Несколькими часами позднее он вошел в кабинет Корытова. Тот задумчиво стоял у карты СССР, размечая линию фронта.

— Нашел что-нибудь подходящее? — равнодушно спросил он и, не подождав ответа, что, кажется, было в его характере, заметил: — Зря не пошел в счетоводы. Будущие миллионеры, брат. Через два года они бы тебе такую хату воздвигли — ой-ой-ой!.. Слышал сводку?

Воропаев, не перебивая и не поддакивая, старался молчанием подчеркнуть свое полное равнодушие к жилищной проблеме.

— Что я не слыхал, это ещё полбеды. А что народ ее у тебя не слыхал — это очень обидно, — сказал он жестко.

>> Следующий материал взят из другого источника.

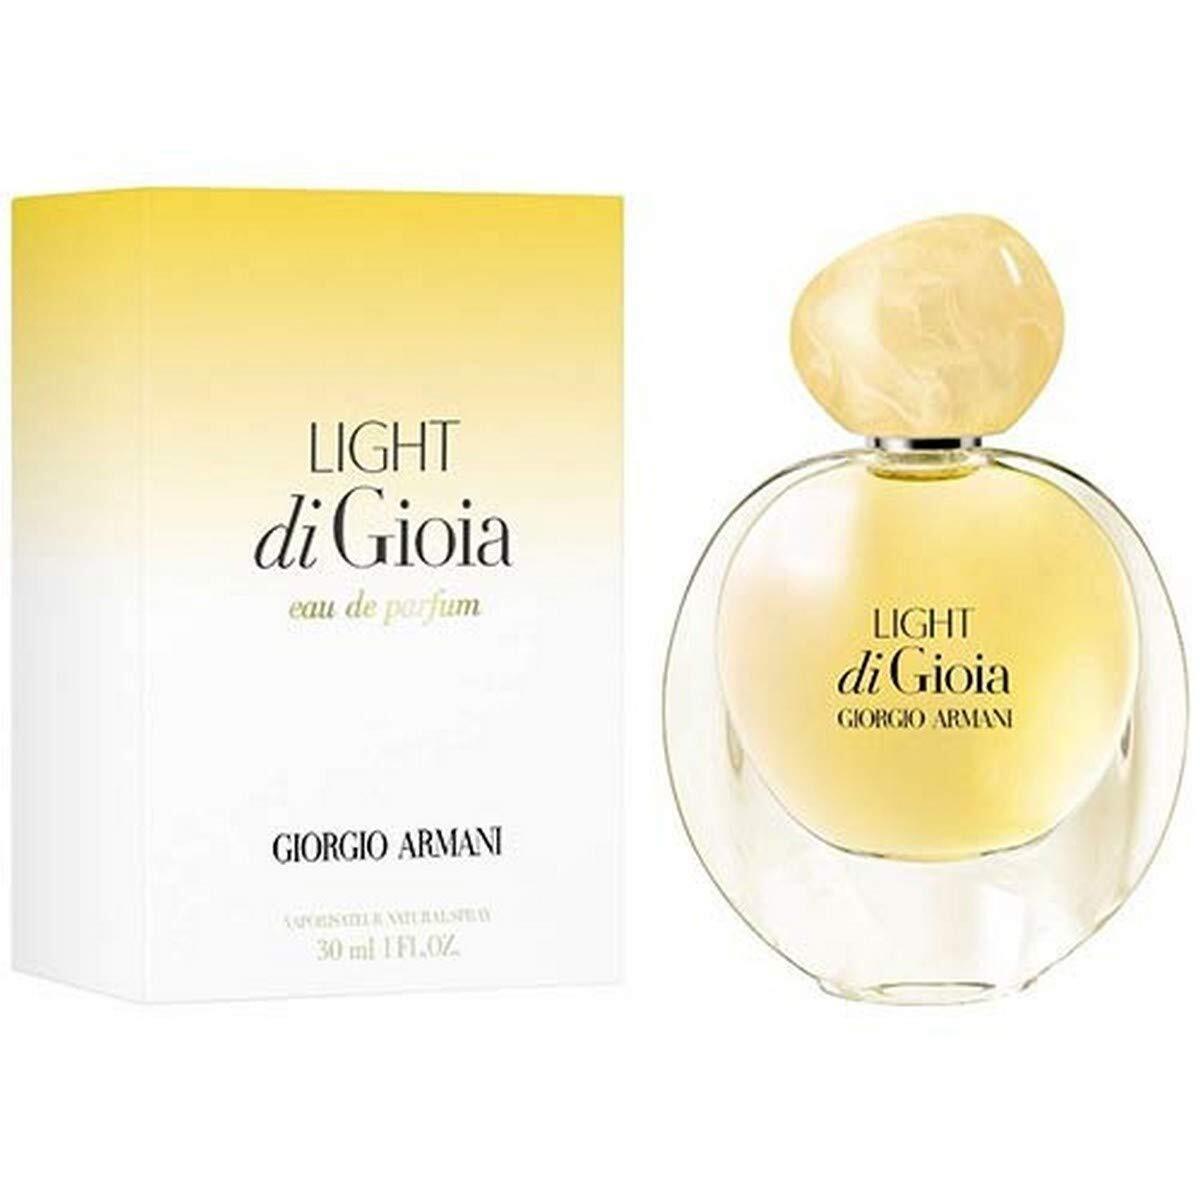 Giorgio Armani Light Di Gioia Women`s Perfume Eau De Parfum Spray 1 fl.oz./30mL

— Какой такой народ? — вяло поинтересовался Корытов, ища и не находя на карте нужного ему пункта. — Кто-нибудь один не слыхал, а ты — народ. Смотри, пожалуйста, какой любитель народа! Одер — здоровая река? Не найду. Меня, брат, твой отдельный человек не интересует, — сказал Корытов, отходя от карты и надвигаясь на Воропаева с явным намерением дать и выиграть словесный бой. — Меня интересуют люди. Я люблю обобщать. Меня не интересует, если твои мысли — только твои.

— Ты до того дообобщаешься, что, пожалуй, и себя станешь рассматривать как коллектив. Как это тебя не интересует отдельный человек? В таком случае тебя, что же, и Стаханов не интересует, ибо хотя стахановцев много, но Стаханов один.

— Полегче. Тут тебе не дискуссионный клуб. Не увлекайся, пожалуйста.

— Я же вижу, как ты рассуждаешь. Конечно, говоришь ты, таких, как Воропаев, тысячи, и потому он — Воропаев — не может меня, то есть тебя, интересовать в меру своей одной, тысячной ценности. Людей ты берешь оптом, — поштучно их нет смысла изучать. А ведь это глупо, Корытов, тут, брат, даже и не пахнет марксизмом.

Ему хотелось поговорить, но Корытов сухо прервал его:

— Об этом мы в другой раз побеседуем. Говори, зачем пришел.

— Шел я поступать к тебе в пропагандисты, — сказал Воропаев улыбнувшись, потому что увидал, что Корытов и не поверил ему и вместе с тем обрадовался. — Да, да, даю честное слово.

Нахмурившись, чтобы придать лицу значительное выражение, Корытов сел в свое кресло.

— Уверен был, что придешь, — и с размаху рубанул рукой по воздуху. — На пари готов был итти, что так получится. Ну что ж, я рад. Не нам, брат, с тобой, старым партийным работникам, на этих дачах жить, не наша это профессия. Пускай другие живут, — и, приметив несогласие на лице Воропаева, воскликнул с искренним удивлением: — Да на что тебе дача? Лучше взять тебе хорошую квартирку, близ моря, у набережной. Нет, правильно, честно ты поступил. Ну вот, давай и договоримся. Кем хочешь? Пропагандистом, инструктором? На все согласен. А то выдумал — дом ему. Полковник, начальник политотдела корпуса, шесть орденов, печатные труды.